Грубая холщовая ткань, сползая вдоль плеч, открывала худенькое, костлявое тело – настолько маленькое, что Юргену и в голову не пришло, что оно так мало, когда он смотрел на балахон. Плечи Лириэля были ссутулены, и он переминался с одной длинной угловатой ноги на другую.
Всё это не завело бы Юргена ни разу в жизни, если бы не сама ситуация - его омега тёк, и теперь, стоило ему, Юргену, отдать ему приказ, как он послушно стянул с себя всё.
Так беспрекословно не подчинялся ему ещё никто, и Юрген невольно потянулся к паху, чтобы погладить себя рукой сквозь брюки.
- Какой же ты костлявый, - Юрген дёрнул плечом. – Если бы мне дали выбирать, никогда бы тебя в дом не взял.
Лириэль опустил глаза.

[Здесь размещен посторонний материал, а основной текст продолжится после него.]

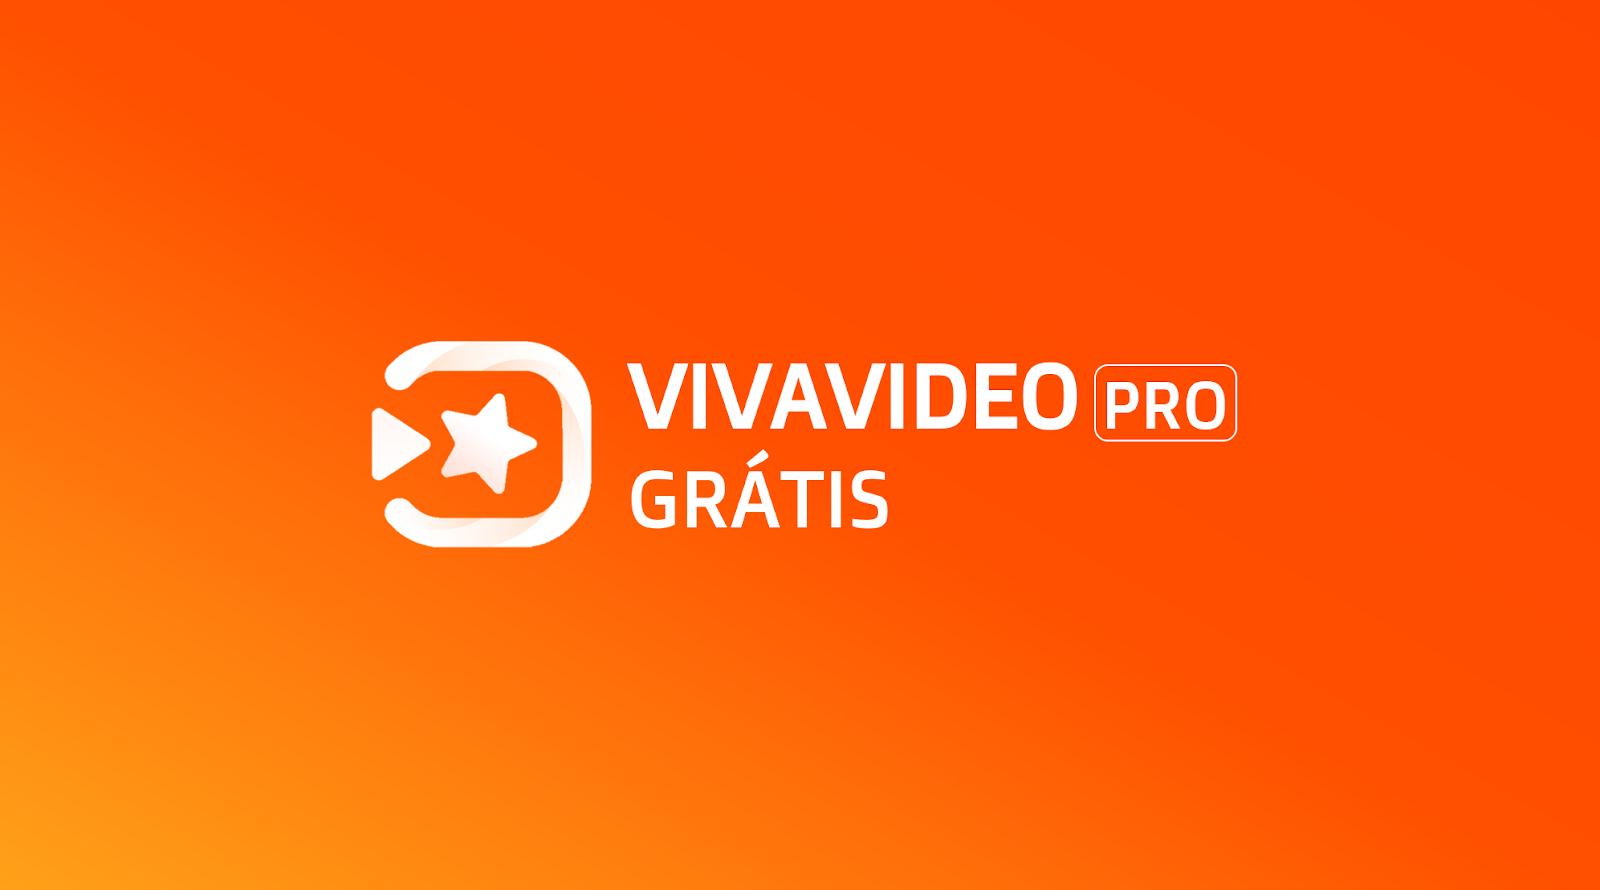 Viva Video PRO ! BAIXAR E INSTALAR GRÁTIS

От бессилия, от жгучего желания и от полной неспособности сопротивляться слёзы наворачивались на глаза, но Юрген то ли не замечал этого, то ли не хотел замечать.
- Иди-ка сюда, - Юрген похлопал себя по колену, и Лириэль, чувствуя, как ненависть к себе переполняет его, медленно переступил через мантию и подошёл.
Юрген грубо взял его за локоть и быстро развернул спиной к себе. Хлопнул по ягодице, так что Лириэль вскрикнул и тут же закусил губу, чувствуя, как анус наливается жаром.
Юрген положил ему руку на поясницу, заставляя прогнуться вперёд. Сам он продолжал сидеть, так что теперь бёдра Лириэля оказались на уровне его лица, и от этой позы омега почувствовал себя униженным и беззащитным, но возражать не посмел – почему-то было жутко страшно от мысли о том, что Юрген может попросту прогнать его.
Юрген, тем временем, провёл двумя пальцами по влажной ложбинке, зачарованно наблюдая, как начинает пульсировать алая дырочка, и как вытекает оттуда новая порция прозрачной жидкости.
- Все омеги – такие шлюхи, - сказал он и провёл пальцами по самому краешку ануса, - на всё готовы, чтобы вам вставили хороший член. И ты такой же как все, да, Лоэнграм?
Лири закусил губу, но промолчал.
- Не слышу, Лоэнграм, - Юрген шлёпнул его еще раз.
- Да… - выдохнул Лири.
- Вот и хорошо, - Юрген произнёс это таким тоном, что вопреки всякому здравому смыслу, Лириэлю ещё больше захотелось прижаться к нему всем телом и замурлыкать, а в следующую секунду Юрген запустил внутрь него два пальца и принялся неторопливо потрахивать, с любопытством наблюдая, как бёдра омеги начинают дёргаться ему навстречу.
Вскоре, впрочем, это ему надоело.
Он встал, толкнул Лириэля к стене, заставляя опереться о неё двумя руками, и вжикнул молнией. А потом без предупреждения вошёл.
Лириэль весь дрожал в его руках, когда Юрген нанизывал его на свой член – сильно и глубоко, придерживая руками за талию и не обращая внимания на невнятное бормотание. Хотелось заткнуть Лириэлю рот, потому что это бормотание жутко отвлекало, но, впрочем, не настолько, чтобы мешать всерьёз – вбившись в хрупкое тело в последний раз, Юрген выгнулся дугой, запрокидывая голову назад, и кончил глубоко внутрь него. Потом отпустил Лириэля, который тут же сполз на пол, будто марионетка, которую перестали удерживать на весу, снова вжикнул молнией и размял плечи.